AN AMERICAN IN CHINA: 1936-39 A Memoir

An oasis of green in the heart of modern Guangzhou. It seems cars, banned before the war, are now allowed.

Shameen - Shamian


Slide Show

Until the Japanese seized it in 1941, Shameen, now called Shamian, had been the home for the foreign residents of Canton since 1863. Before that time it was no more than a patch of sand used as a garbage dump. It is said that the remaining foreigners in 1941 were piled onto boats at what is now the luxurious White Swan Hotel and dispatched by the Japanese to concentration camps in northeast China.
In the previous era, addresses were either B.C., or F.C., for British or French concessions, the primary divisions of the island, for it was Britain and France who were chiefly responsible for its development.. There was room for banks, offices with residences, country clubs, schools and churches on the island, many of whose residents would leave it only for quick shopping excursions in the nearby city. Tess Johnston writes in her book “The Last Colonies”:

Much has been lost but there still remains a little island of tranquility and loveliness, an anachronism anchored at the edge of the bustling modern metropolis of Canton.

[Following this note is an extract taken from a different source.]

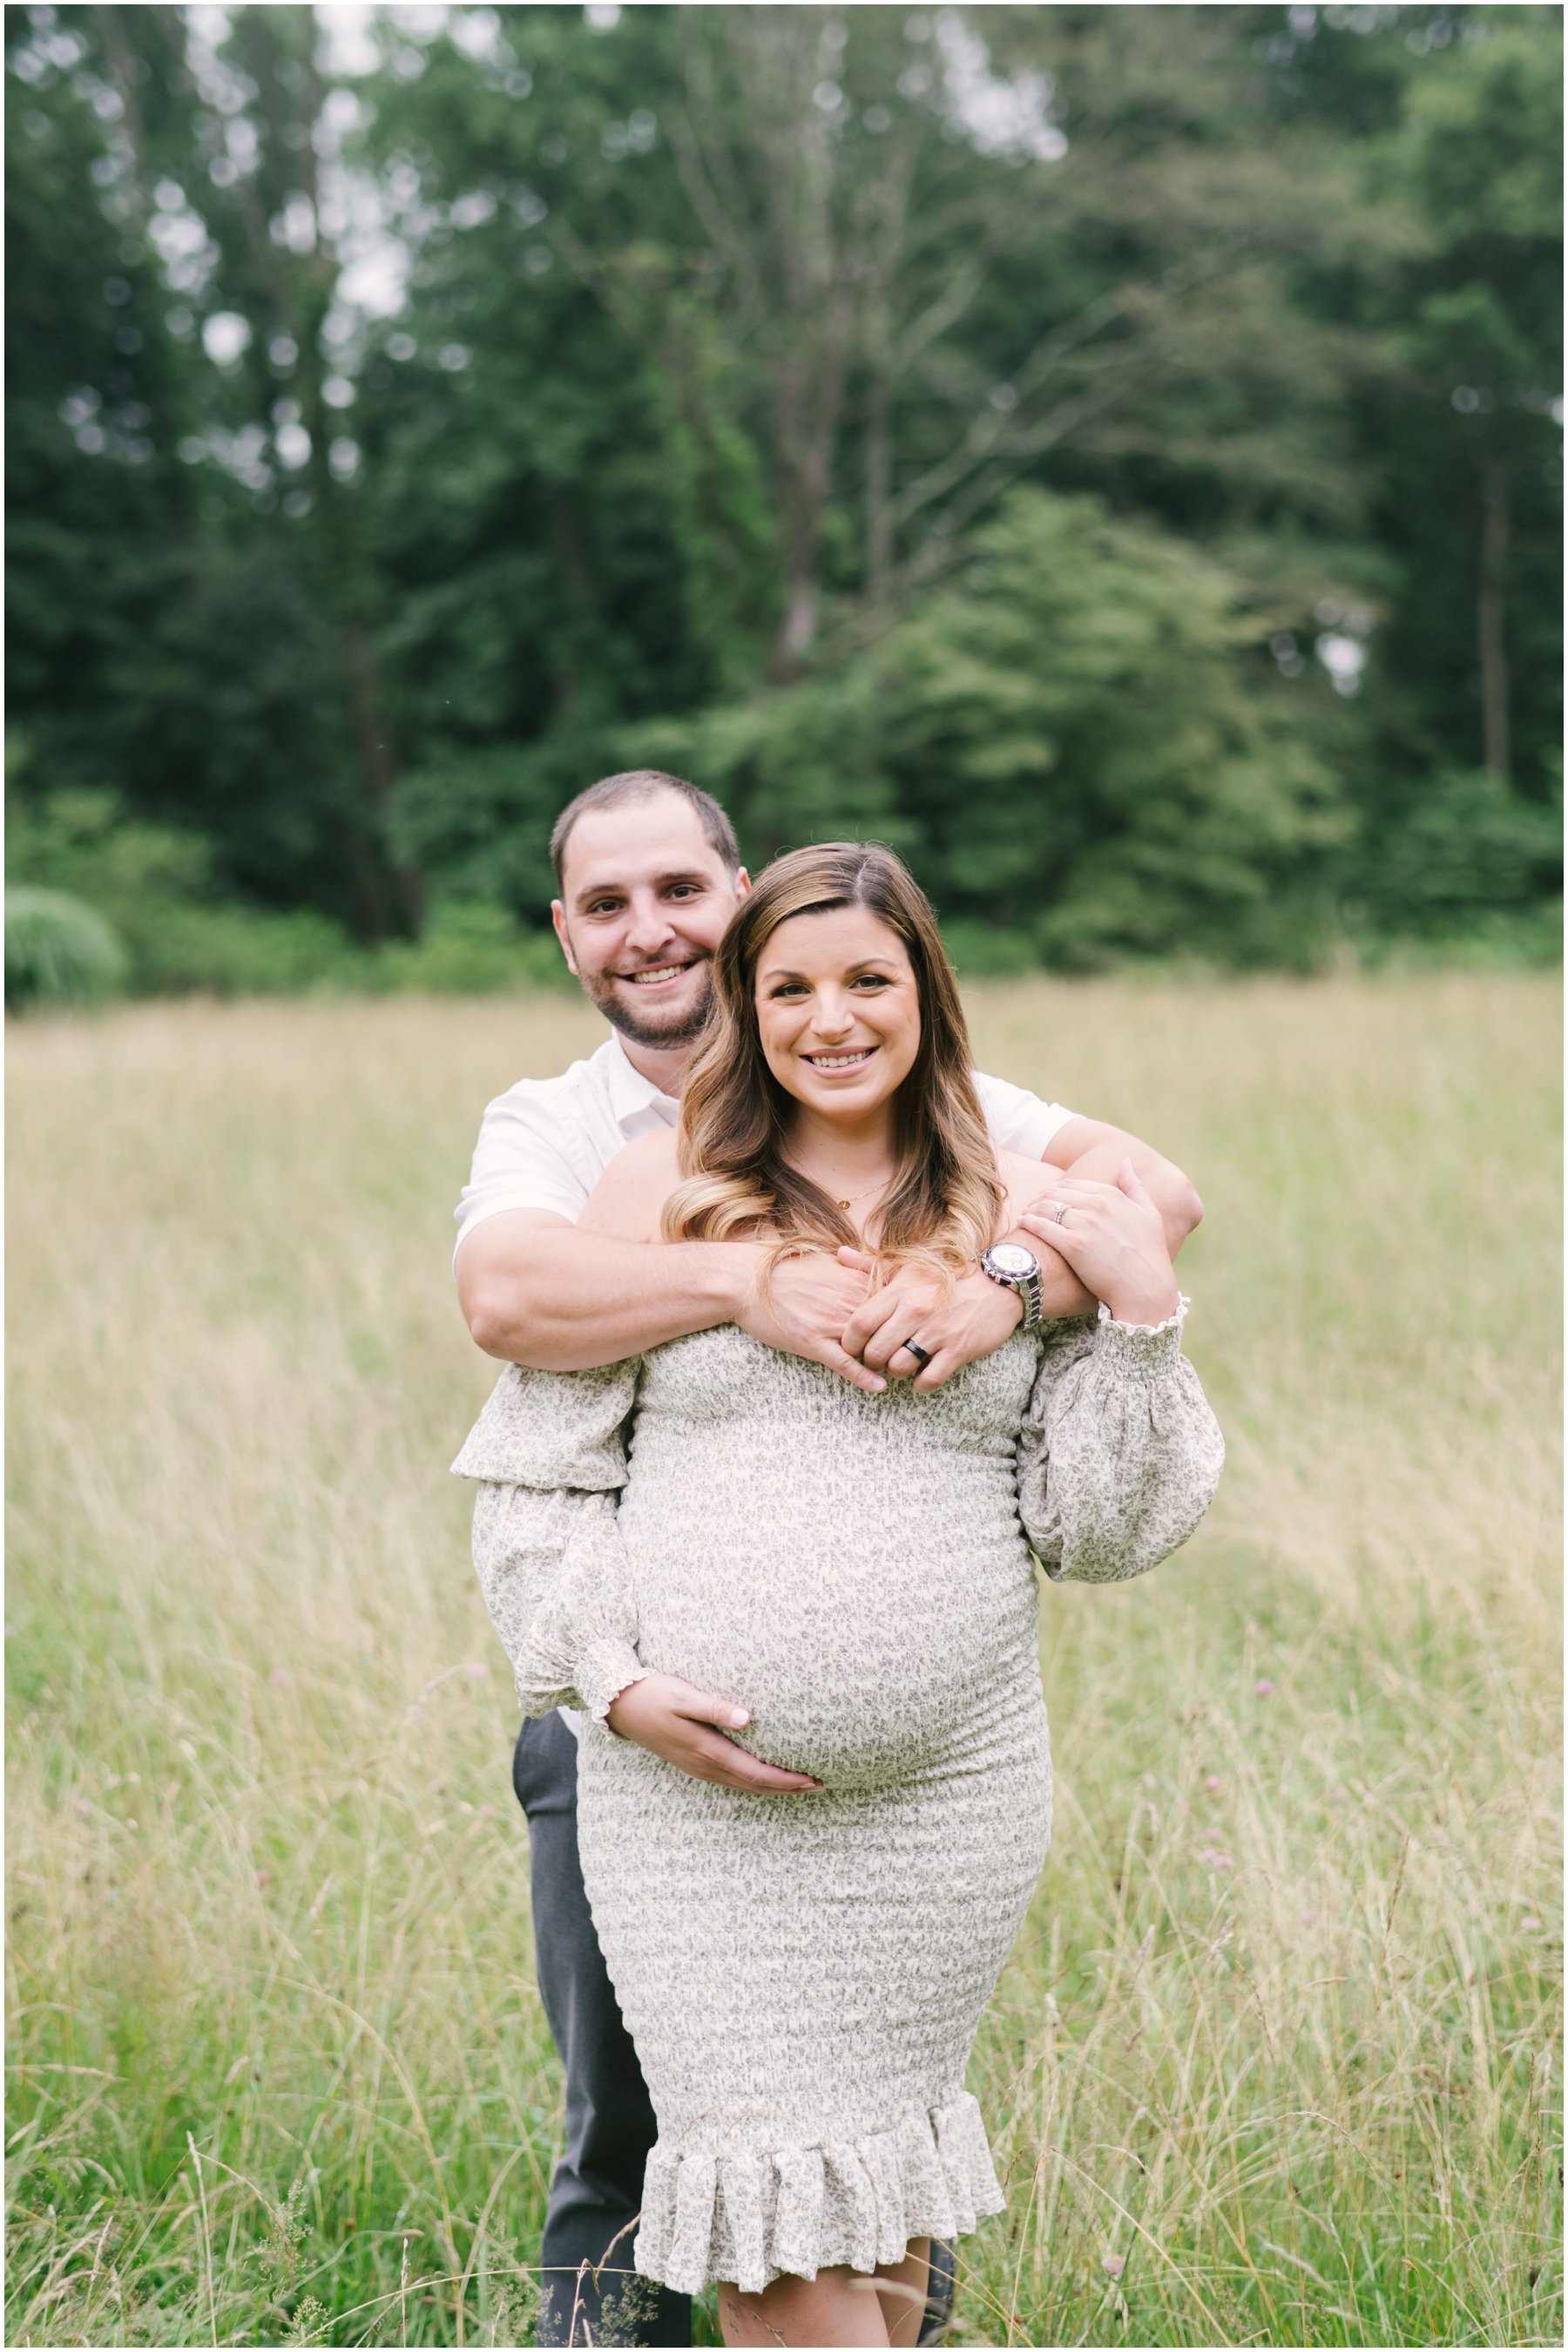 Man standing behind woman while she cradles pregnant belly during maternity session | NKB Photo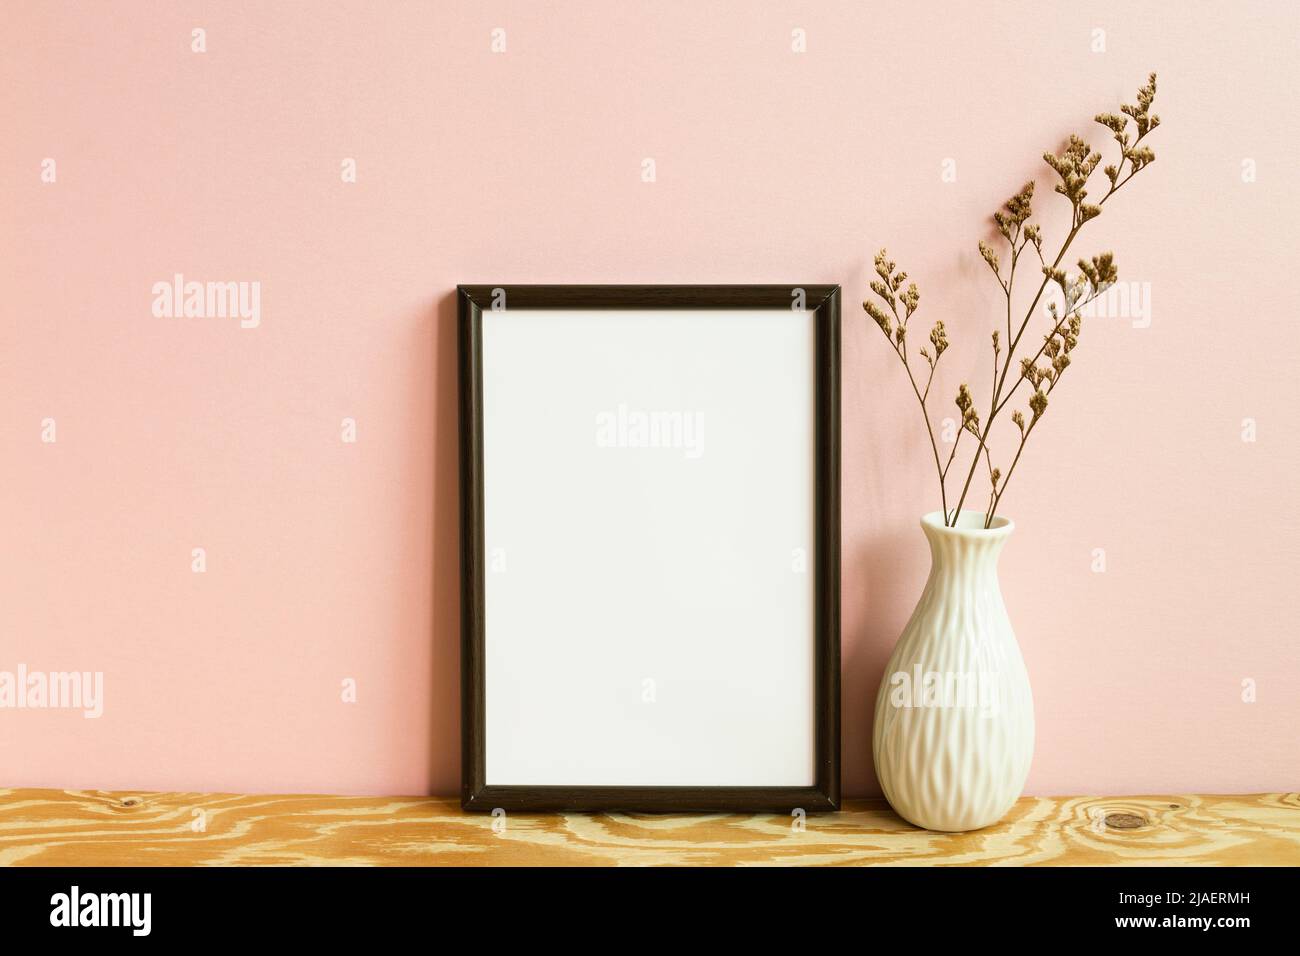 Picture frame and dry flowers on wooden table. pink wall background. copy space Stock Photo

Original Victoria Hotel, Shameen

A rate photograph of the old Victoria Hotel, on the canal in the British Concession.
G.H. Thomas stayed here for several months after the fall of Canton in October 1938.
The Chinese, ever resourceful, have renamed it the Victory Hotel. The present hotel
is now based in a modern building not far
from the original.

The beautifully restored French Church on Shameen.





On Dec. 5, 1938 G.H. Thomas, transferred to the Texaco office in Canton from Chungking, writes:


"Canton was subjected for a whole year to what was probably the most intensive bombing of the war. Their attacks reached their culmination in June, when the planes came in relays of 15 or 20 at a time very two hours. Moonlit nights were simply a hell for the Cantonese and stormy days their only blessings. ..."

The old Hong Kong and Shanghai Bank.

Dec. 9, 1938

"We are virtually prisoners here and I feel bound up and choked by the situation after just one week. This “island” of Shameen is about five blocks long by three blocks wide, with sandbags and barbed wire all about and armed guards at the two small bridges to the mainland. .. No motors or rickshaws are allowed — or have ever been allowed on Shameen. There are a few bicycles, but most people just walk.

With no traffic of any sort, no streets are needed, so we have nothing but sidewalks, with wide boulevards of grass and trees and flowers in between.
It is really quite a lovely, restful spot.




An unidentified restoration in Shamian.

Canton Bund in the 1930's showing its proximity to leafy Shameen, just beyond the buildings at center.

AA view of the modern bridge circling the old English Park that
leads to the White Swan Hotel, tower at left. There is talk that the bridge will be removed as it destroys the view.

This building appears to be the old Texaco Office, where the author and his wife and two children lived after the war in 1947. The verandas, once open to the air, appear to have been filled in, as they frequently are in the old colonial buildings in China. This building was also once home to the Danish firm of Anderson, Meyer.

A distinctive feature of the building is the curved cement bay below the windows. In the recent restoration, many Shamian buildings, painted in a previous effort in rather garish colors, seem to have reverted more or less to their original appeaance.

Above is the old Asiatic Petroleum Building. It has evidently
been carefully restored to its orginal grandeur. According to Tess Johnston in her book “The Last Colonies,” it was built at the turn of the 20th century as the German Consulate
It also served as the Dutch consulate at one time.
At the current time, numerous buildings are being renovated in a giant project to be finished in 2008.

Here is the old Texaco Office building as it looked in 1947 in a photograph taken by the author. It contained apartments on the upper floors for the chief employees. It appears to have been painted all white. The elegant wall with grillwork opposite surely belong to the Asiatic Petroleum Building. See photograph at above left.

Shameen from the Air in the 1930s.

This aerial photo, taken in the mid-1930s, shows, white ships from left to right,
the daily ferry to Hong Kong, a British gunboat and an American gunboat.
Notice the abundance of greenery (in stark contrast to the surrounding city), a trait
prized to this very day. If you look carefully, you can see clusters of sampans off the Shameen bund.
These boat people, once a part of life around the island, have long since vanished.

A view of the old English Bridge connecting Shameen
to Canton City in the early part of the 20th century.
At one time there were hundreds of boat people
surrounding the island. They have all gone.

A handA hand

Since the early 2000s, Shamian Island has become well known for the many Western couples who reside there while seeking to adopt Chinese babies and young children, most of whom are orphaned and female. Their hotel of choice is the White Swan.


A rare early view of the French Bureau de Poste, or Post Office in the French Concession of Shameen.

It is easy to see how Westerners took to Shameen in the prewar days.
It was a European transplant on the edge of, but separate from, bustling Canton.
In fact, it still is, as this contemporary photograph shows.